Second, how many people will actually choose to engage with AI this way? As
noted in a recent conversation, it feels unlikely that students will choose to utilize these tools when a shortcut is freely available. Said differently, human nature is human nature. Why would I take the long way when there is a short way right in front of me? And to make matters worse, if I am a high school or college student in 2025, I have that nagging feeling that my peers are taking the short way and “beating me out” in a competitive landscape - whether it be in educational environments or the workplace.However, it is true that educators could require students to use Study Mode and submit dialogue transcripts for review—and that would be valuable. But it's hard to see young people consistently choosing the long, friction-filled road when a shortcut sits right in front of them.
Third, there's the problem of a new kind of confirmation bias. When I use AI for learning, it feels like a powerful tool for accessing information that would have been much harder to understand before—similar to first engaging with the internet in 2000 (or thereabouts). It’s impossible for me to deny that this is more efficient than combing the Internet or a printed manual “by hand.” The level of personalization is powerful.
As an example, when I use AI to learn new concepts, I ask for analogies and connections to things I already understand, which gives me what feels like solid conceptual understanding. Here’s the prompt I share with educators when we discuss “AI for Learning” in a workshop I call “AI Literacy for Adults: A Humanities-Based Approach to Safe and Effective Use.”
But even in the successful cases where the analogies hit the mark and increase my understanding, there is a rub: until I put that knowledge into guided practice or get tested on my ability to explain or apply it, I don't really know it. I'm often flooded with the belief that I just learned something new when in reality I've only skimmed the surface. I wrote about this when Google first launched “Learn About,” a similarly powerful tool that may present the risk of a new kind of confirmation bias, if you are interested in exploring that concept further.
Don't get me wrong—the launch of these guided learning tools is still a positive development, as I named before. These platforms are offering self-guided learning pathways that are more personalized than previous iterations, and I applaud any effort by AI companies to reduce sycophancy and shortcutting of learning journeys.
But if there are folks out there who think this is going to replace teachers, think again.
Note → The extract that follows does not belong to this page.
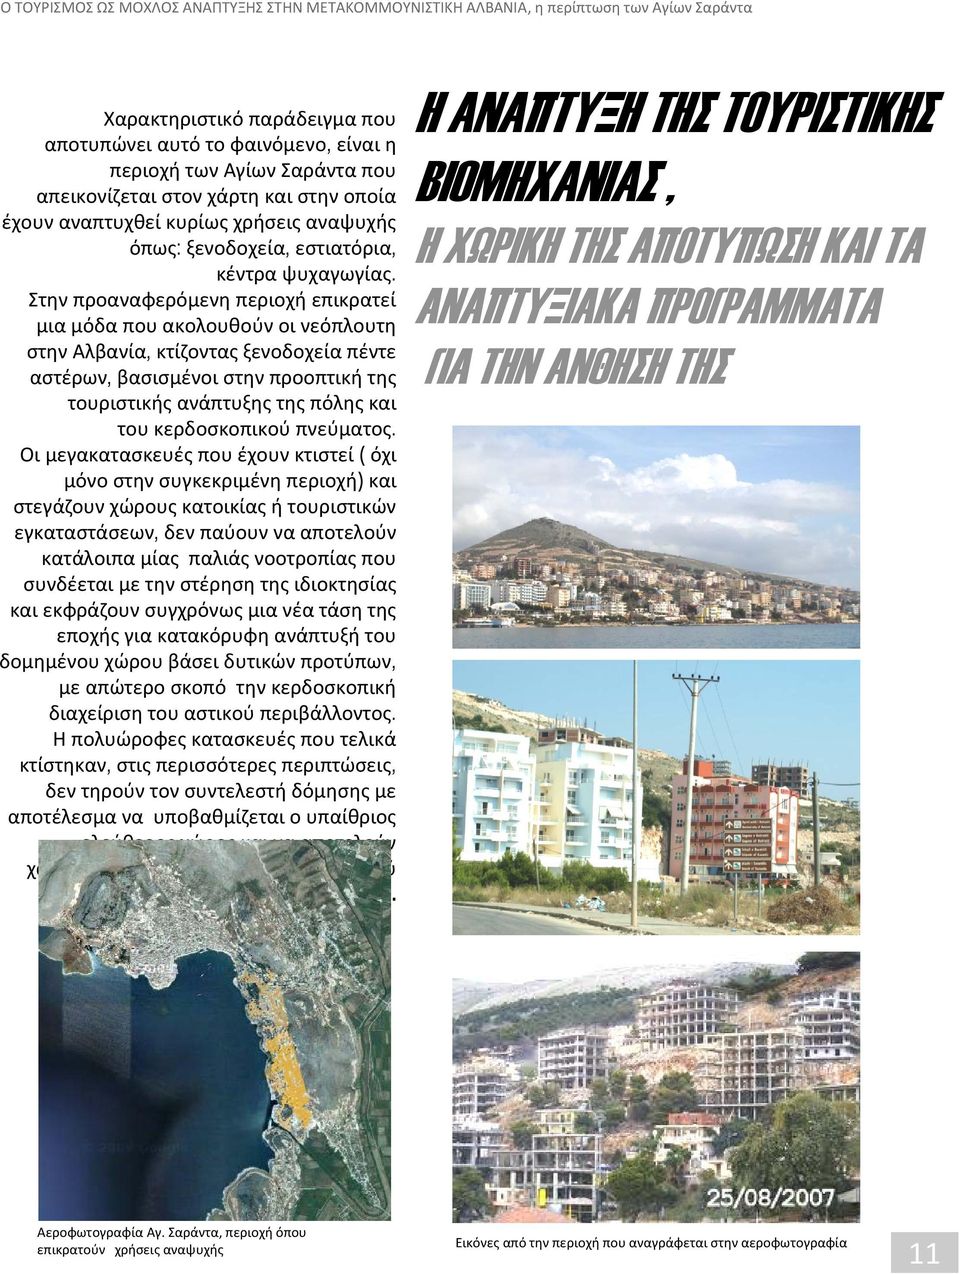 Στην προαναφερόμενη περιοχή επικρατεί μια μόδα που ακολουθούν οι νεόπλουτη στην Αλβανία, κτίζοντας ξενοδοχεία πέντε αστέρων, βασισμένοι στην προοπτική της τουριστικής ανάπτυξης της πόλης και του

To underscore this point, I'll leave you with a quote from Satya Nitta - an IBM veteran who worked on bringing Watson into education, founded Merlyn Mind, and recently founded Emergence. He made these remarks on a call hosted by Ed3 DAO, with whom I'm currently working to produce research on teaching in the age of AI. (More details to come soon, stay tuned.)
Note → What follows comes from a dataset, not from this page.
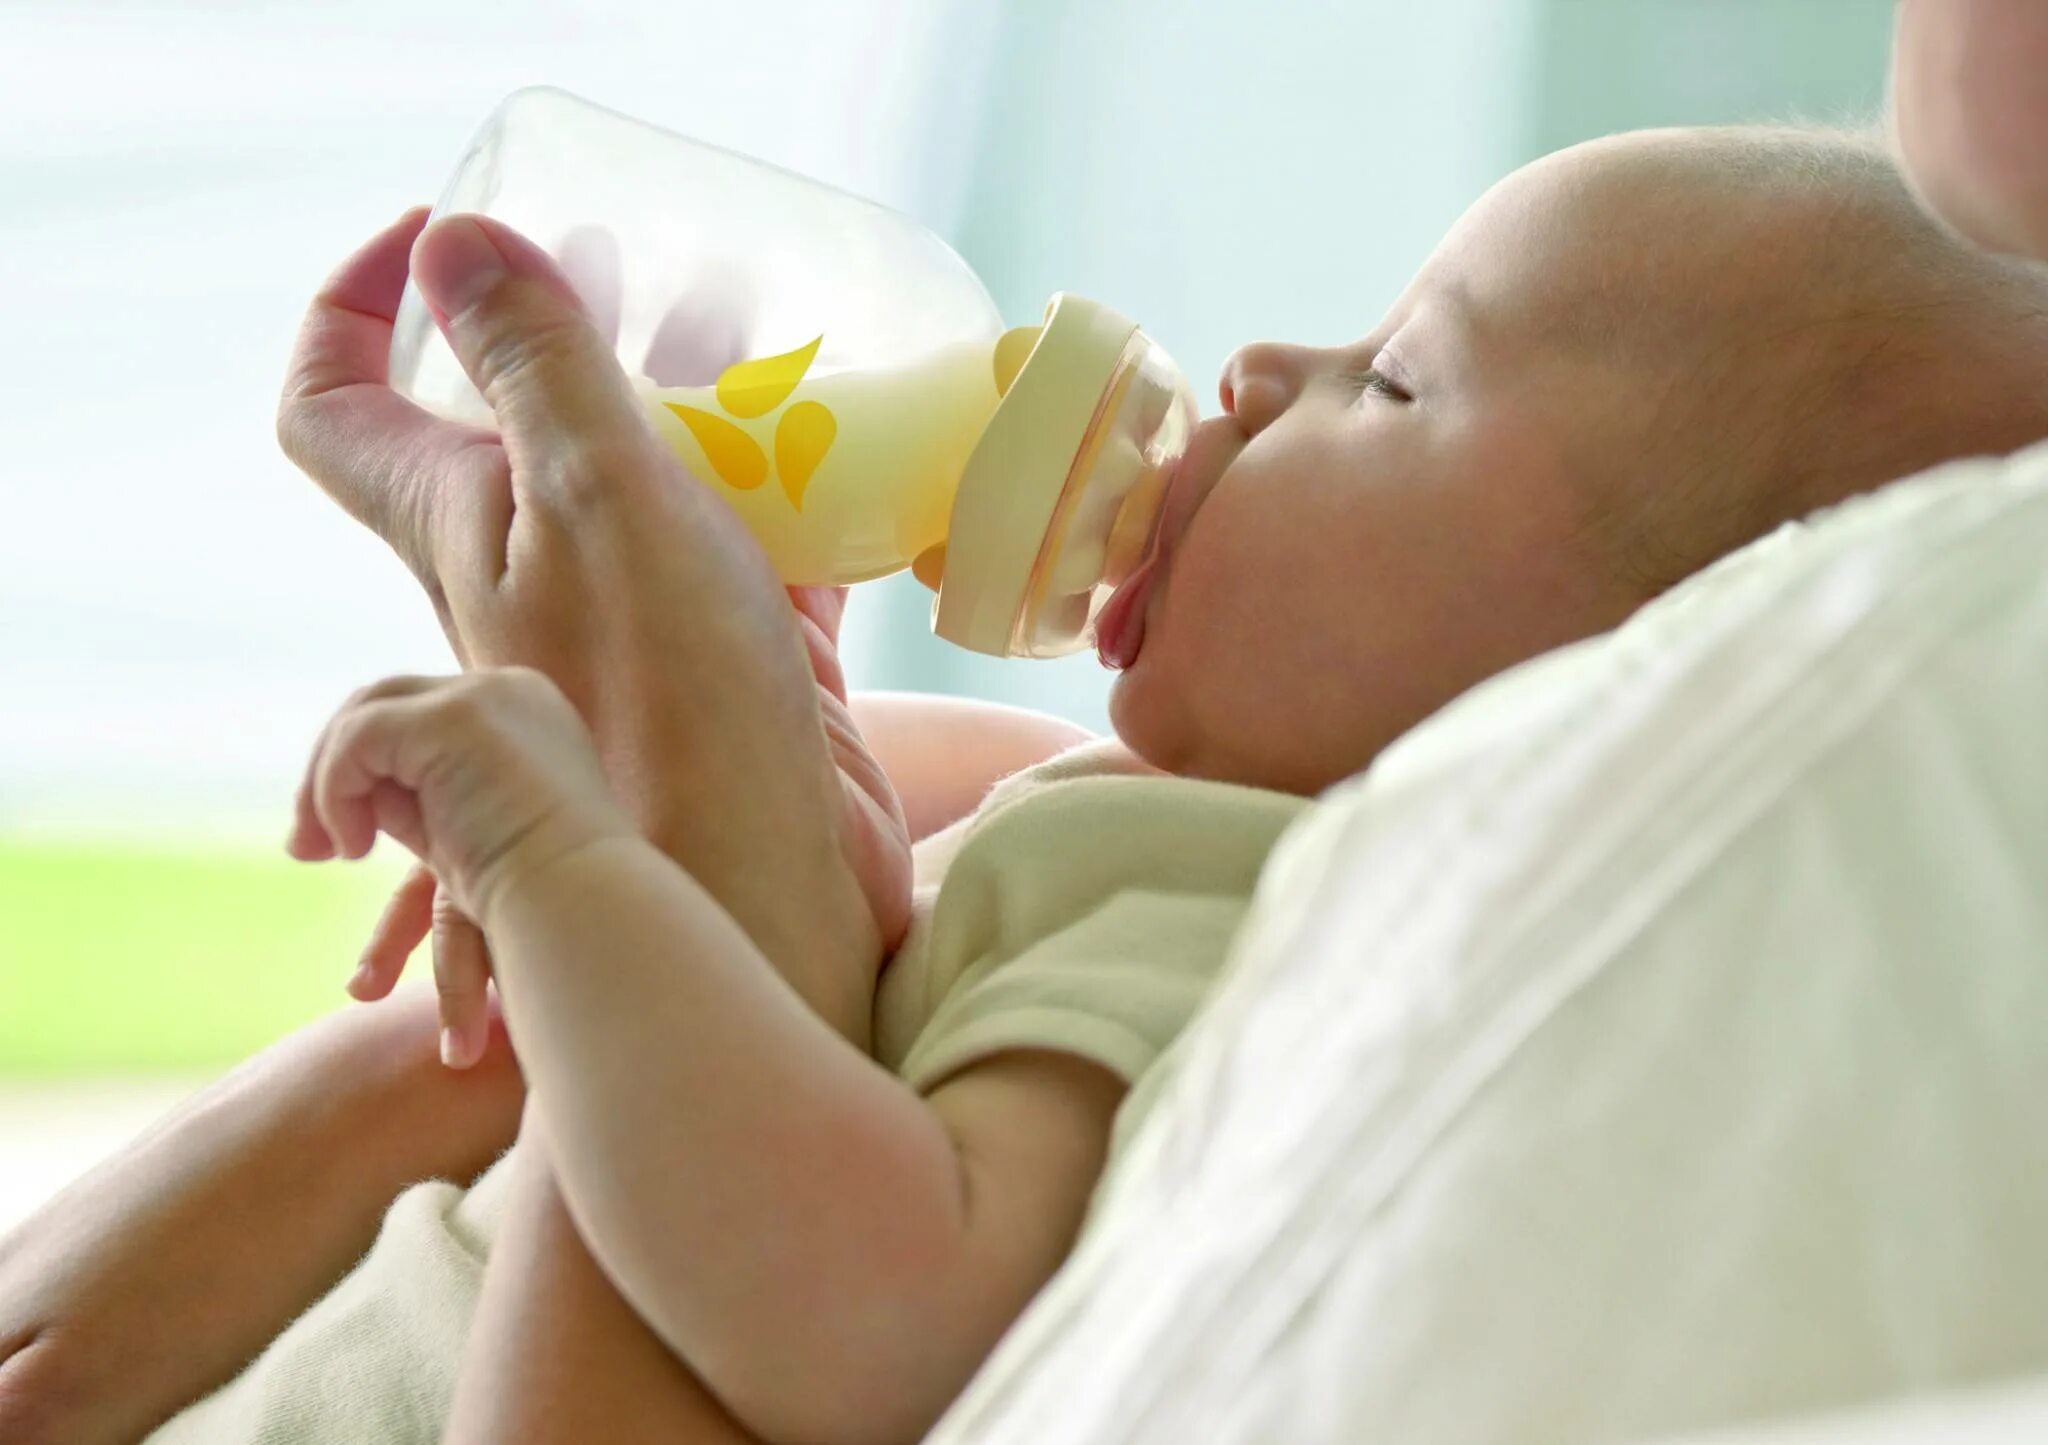 Бутылочка для докорма новорожденного. Грудное и искусственное вскармливание. Кормление ребенка из бутылочки. Кормление новорожденного ребенка из бутылочки. Искусственное вскармливание как кормить

"Teaching will never be automated. The idea that I, as a student, can work with a chatbot to help me through homework problems, be engaged day in and day out, and actually learn—this completely ignores the fact that teaching is a deeply human process. We are a very social species. We learn from other people, and we are motivated by other people." - Satya Nitta, Emergence
That's the perspective of a technologist with 30+ years of AI research and application experience who then looked at bringing it into education. Worth considering as we navigate these new tools and their proper place in learning.